Below are lines of records; copy exactly those from the one containing "Découvrez notre anneau" through the one containing "Monteringsanvisning. Innehållsförteckning. Studio", leaving the pictures behind.

### Information supplied
▬▬▬▬▬▬▬▬▬▬

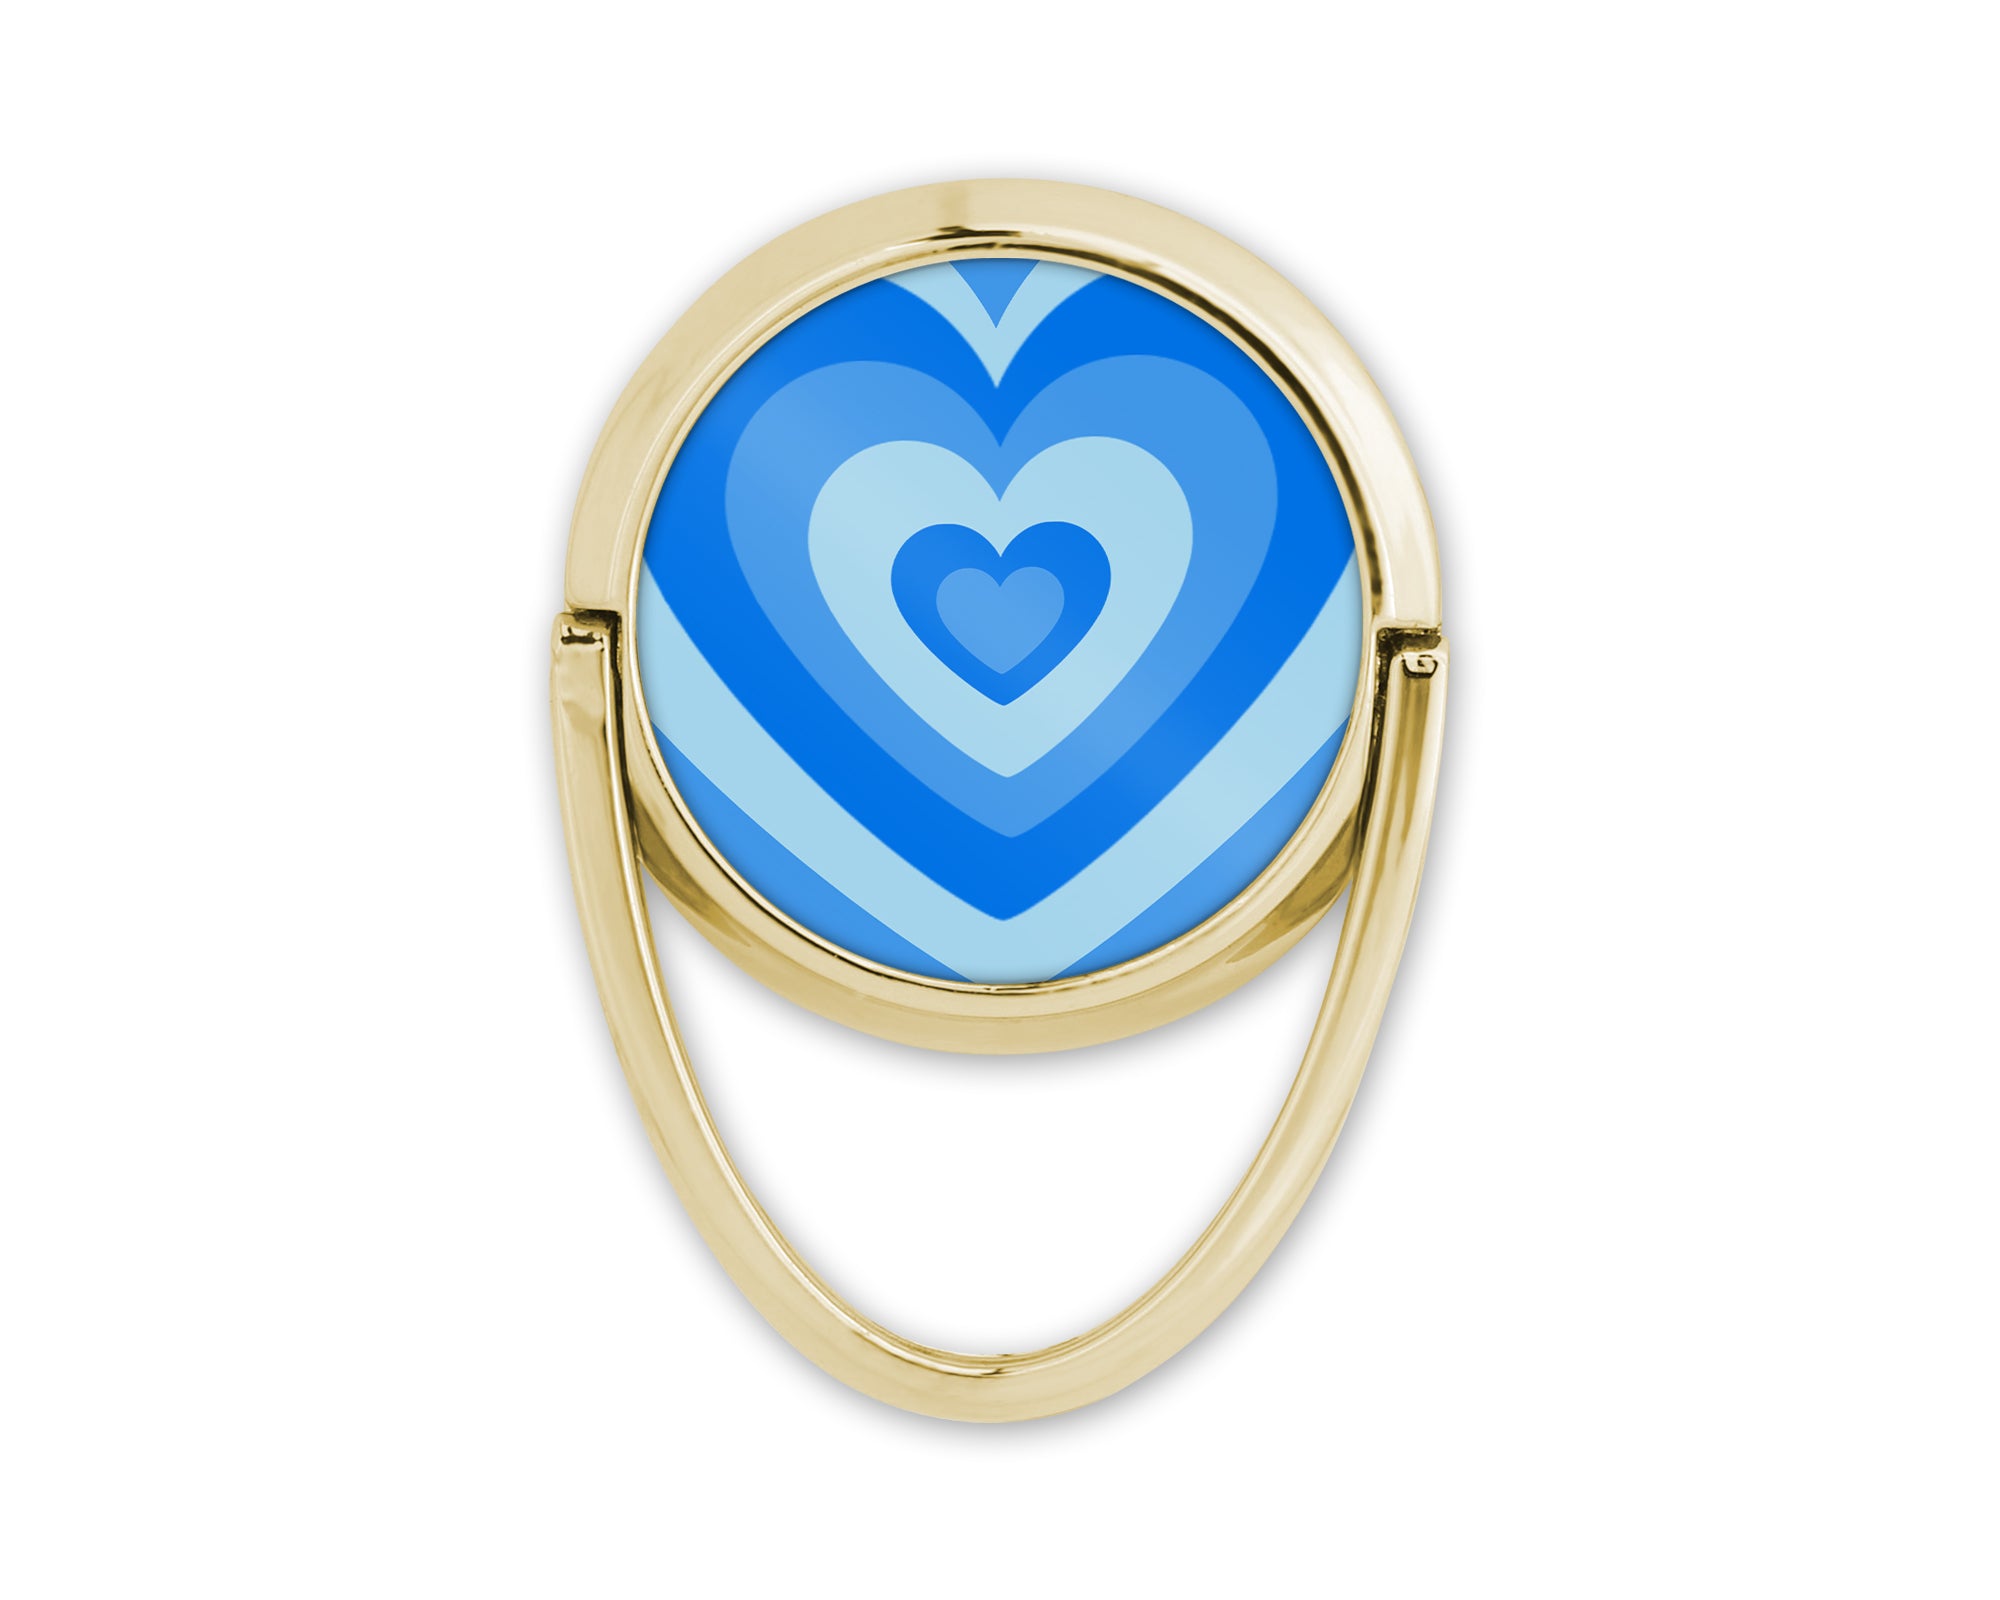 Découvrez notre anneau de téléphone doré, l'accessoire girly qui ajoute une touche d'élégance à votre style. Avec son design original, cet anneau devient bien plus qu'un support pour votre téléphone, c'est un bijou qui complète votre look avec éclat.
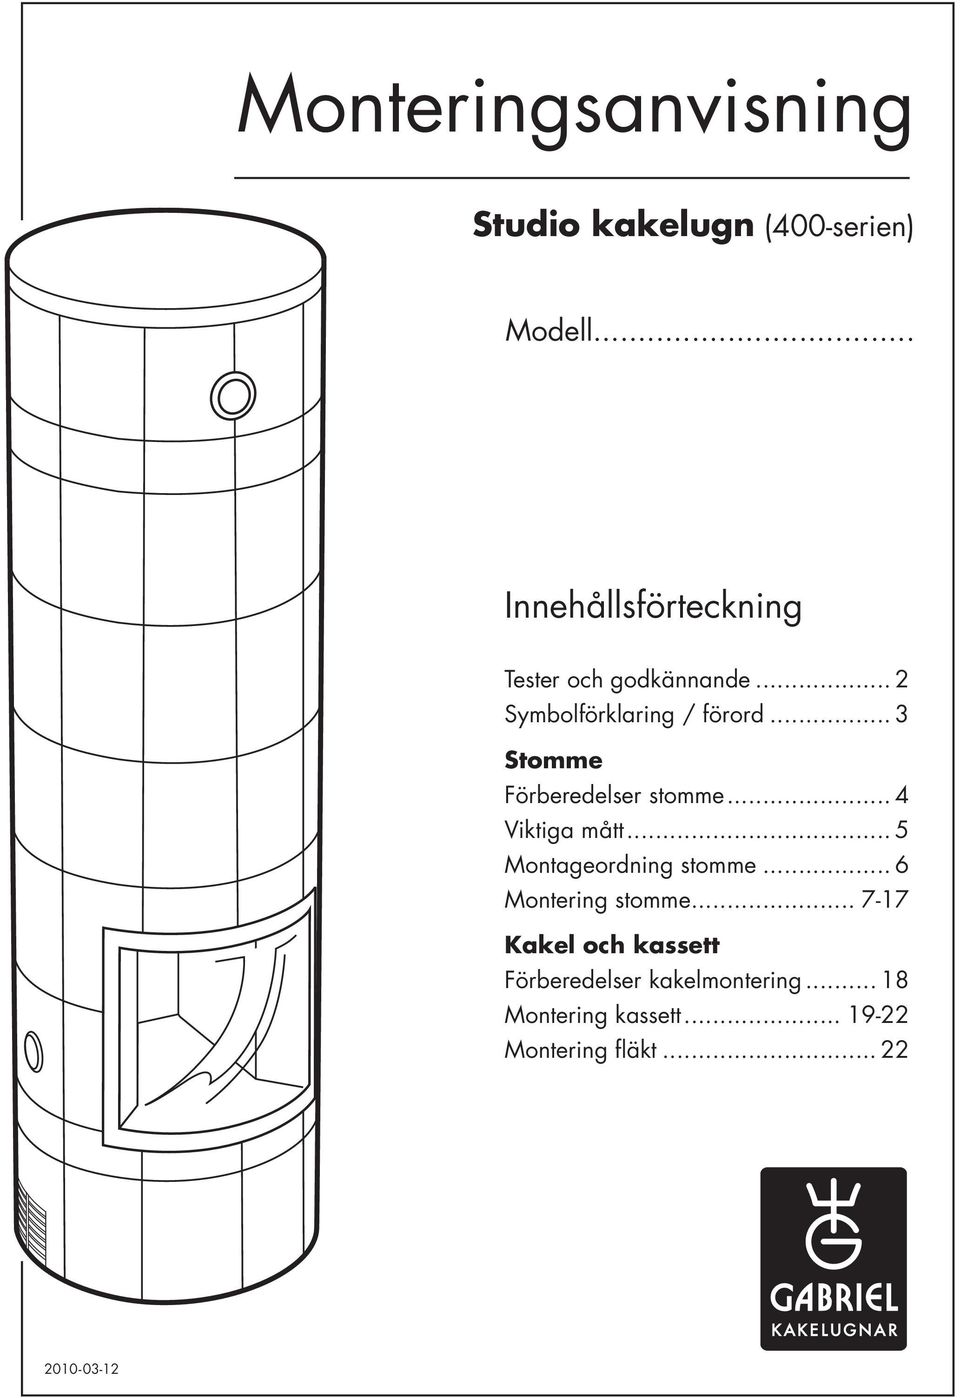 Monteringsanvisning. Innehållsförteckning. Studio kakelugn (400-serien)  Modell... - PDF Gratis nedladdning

▬▬▬▬▬▬▬▬▬▬

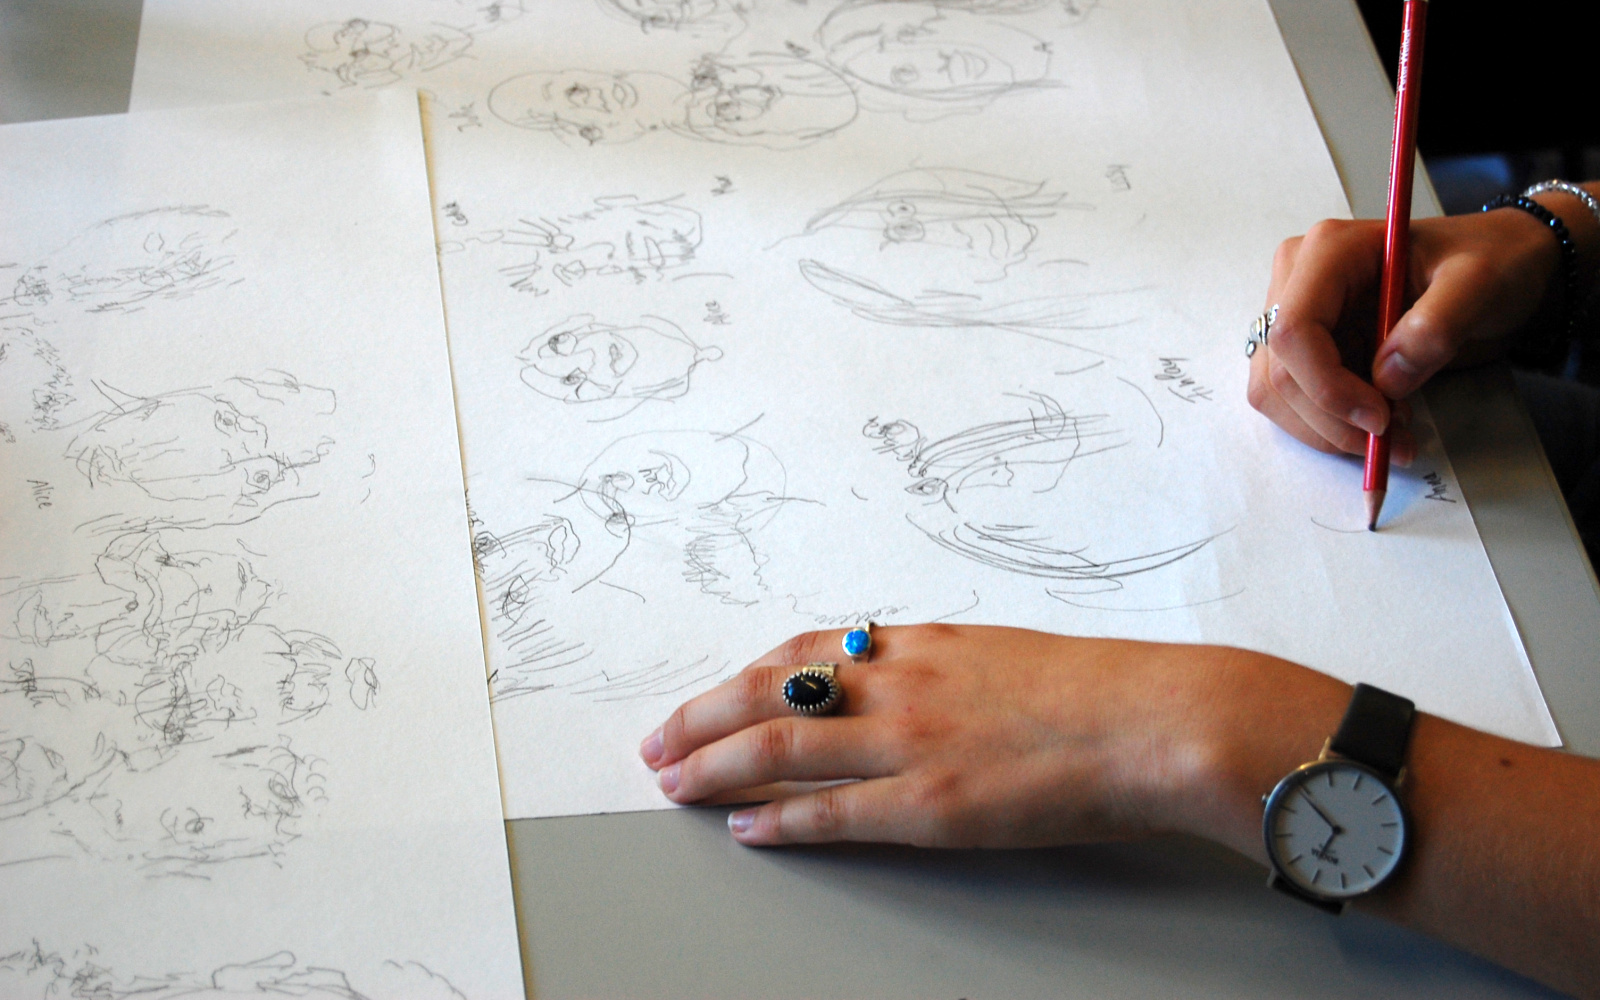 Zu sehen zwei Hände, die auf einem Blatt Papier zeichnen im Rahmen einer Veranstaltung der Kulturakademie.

▬▬▬▬▬▬▬▬▬▬

### Reply
 Découvrez notre anneau de téléphone doré, l'accessoire girly qui ajoute une touche d'élégance à votre style. Avec son design original, cet anneau devient bien plus qu'un support pour votre téléphone, c'est un bijou qui complète votre look avec éclat.
 Monteringsanvisning. Innehållsförteckning. Studio kakelugn (400-serien)  Modell... - PDF Gratis nedladdning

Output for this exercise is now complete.